• Given material:
....

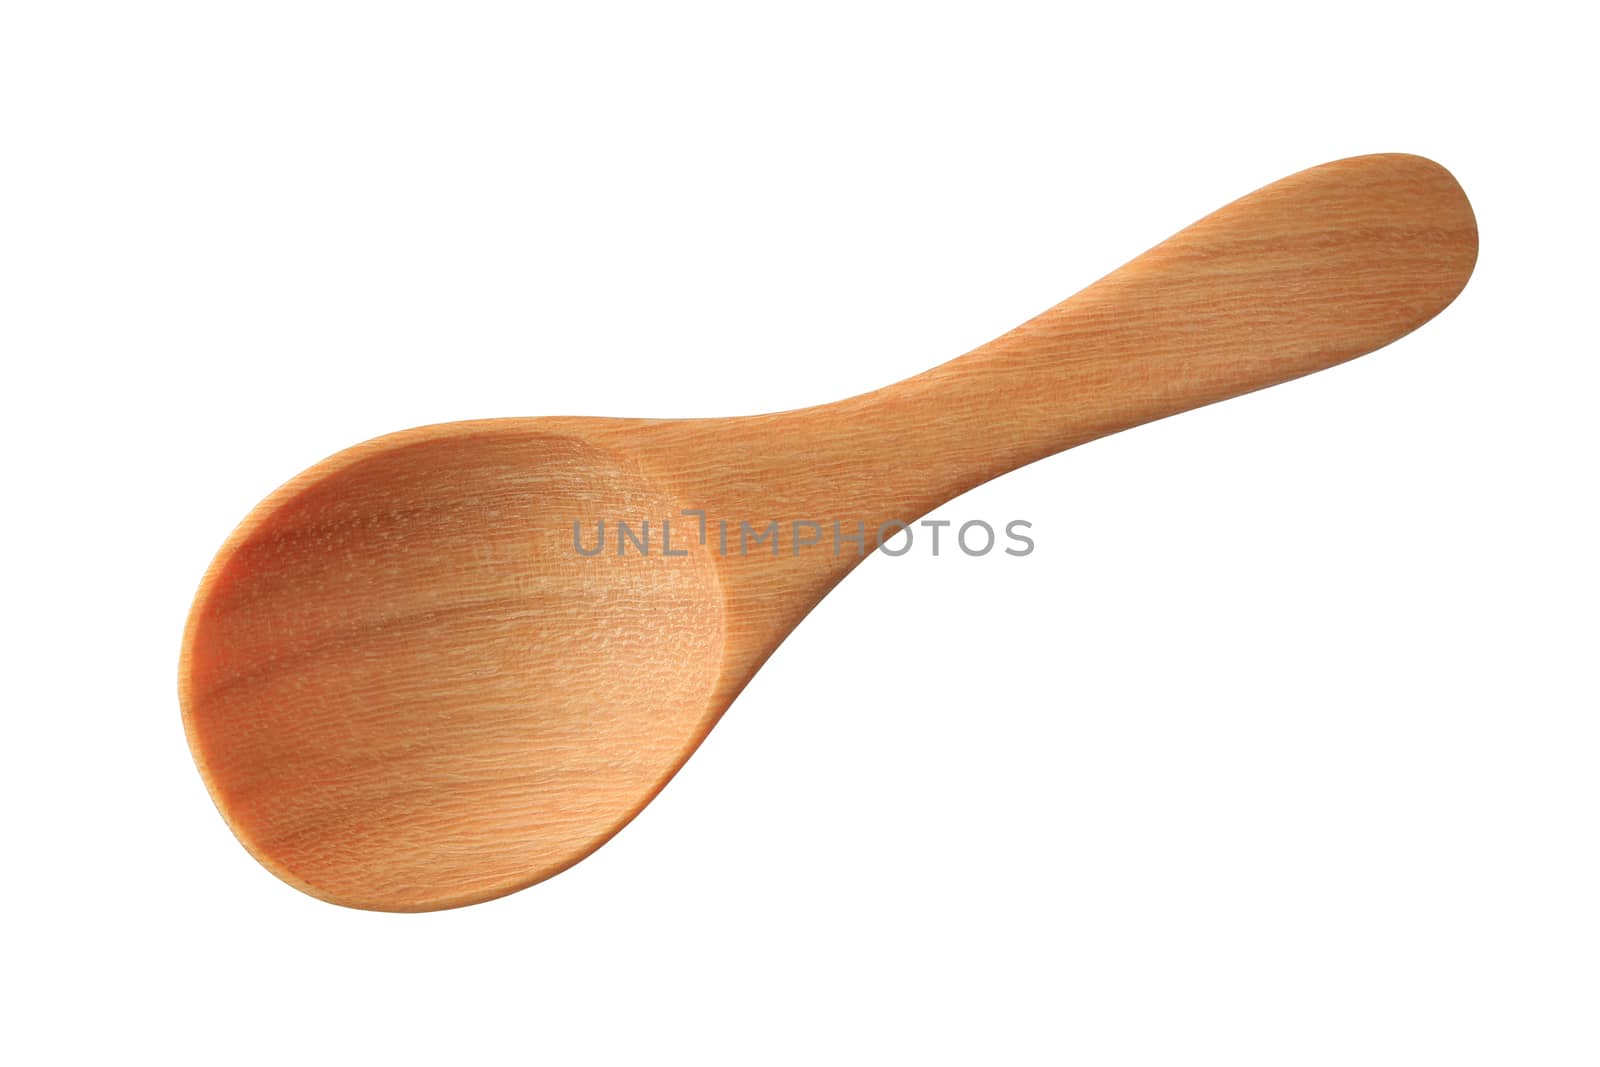 Wooden spoon isolated on a white background by foto76
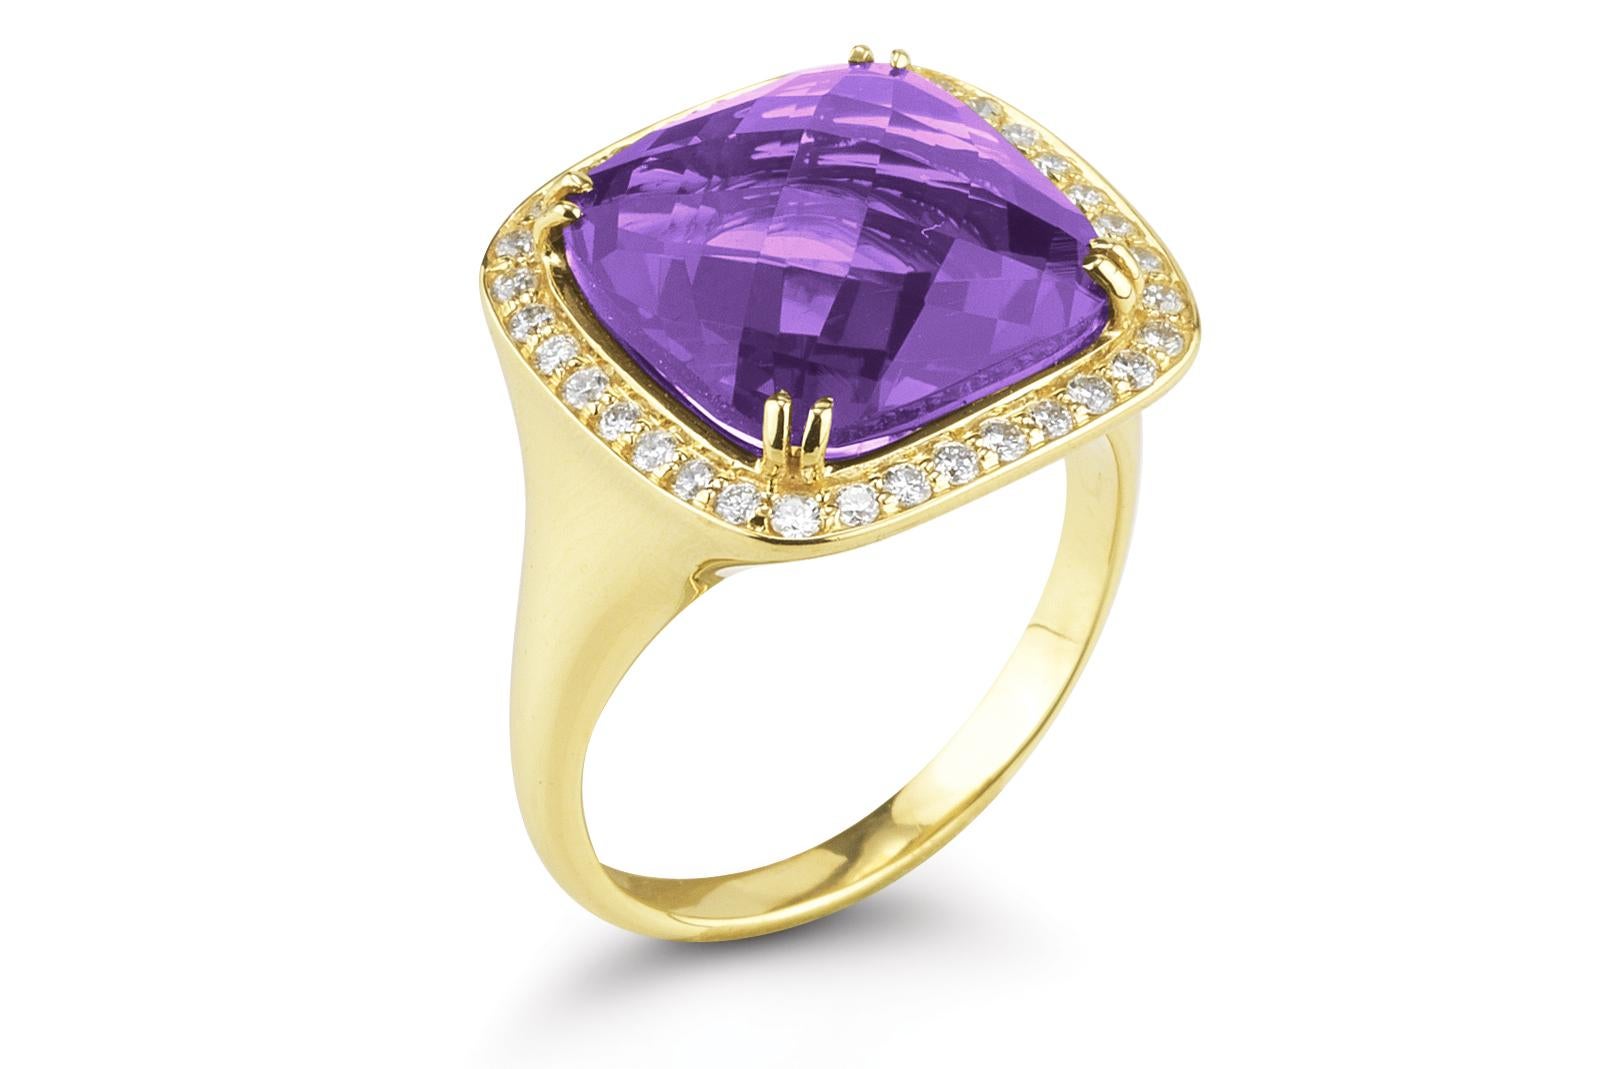 For Sale:  Hand-Crafted 14K Yellow Gold Cocktail Ring Set with an Amethyst Color Stone 4
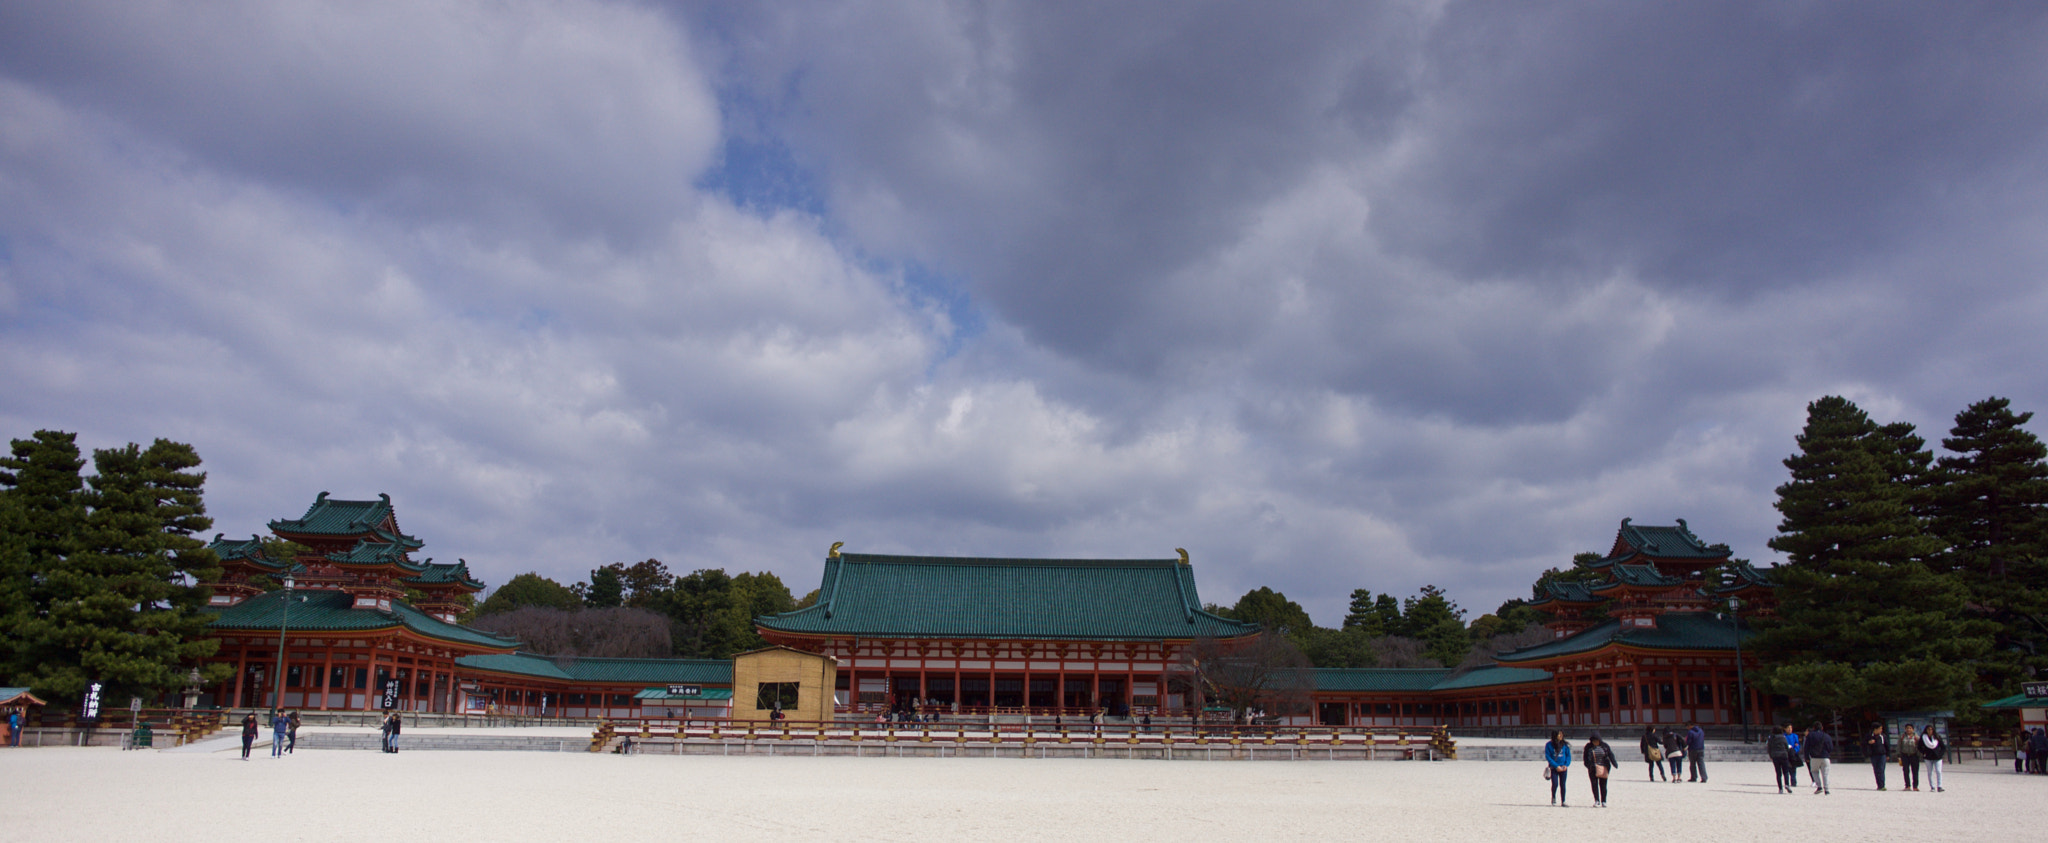 Sony Alpha NEX-7 + ZEISS Touit 12mm F2.8 sample photo. Temple in kyoto photography

....

• Work order: Output the lines above in full and exactly as given, omitting any pictures.

• Worked solution:
 Wooden spoon isolated on a white background by foto76
 For Sale:  Hand-Crafted 14K Yellow Gold Cocktail Ring Set with an Amethyst Color Stone 4
 Sony Alpha NEX-7 + ZEISS Touit 12mm F2.8 sample photo. Temple in kyoto photography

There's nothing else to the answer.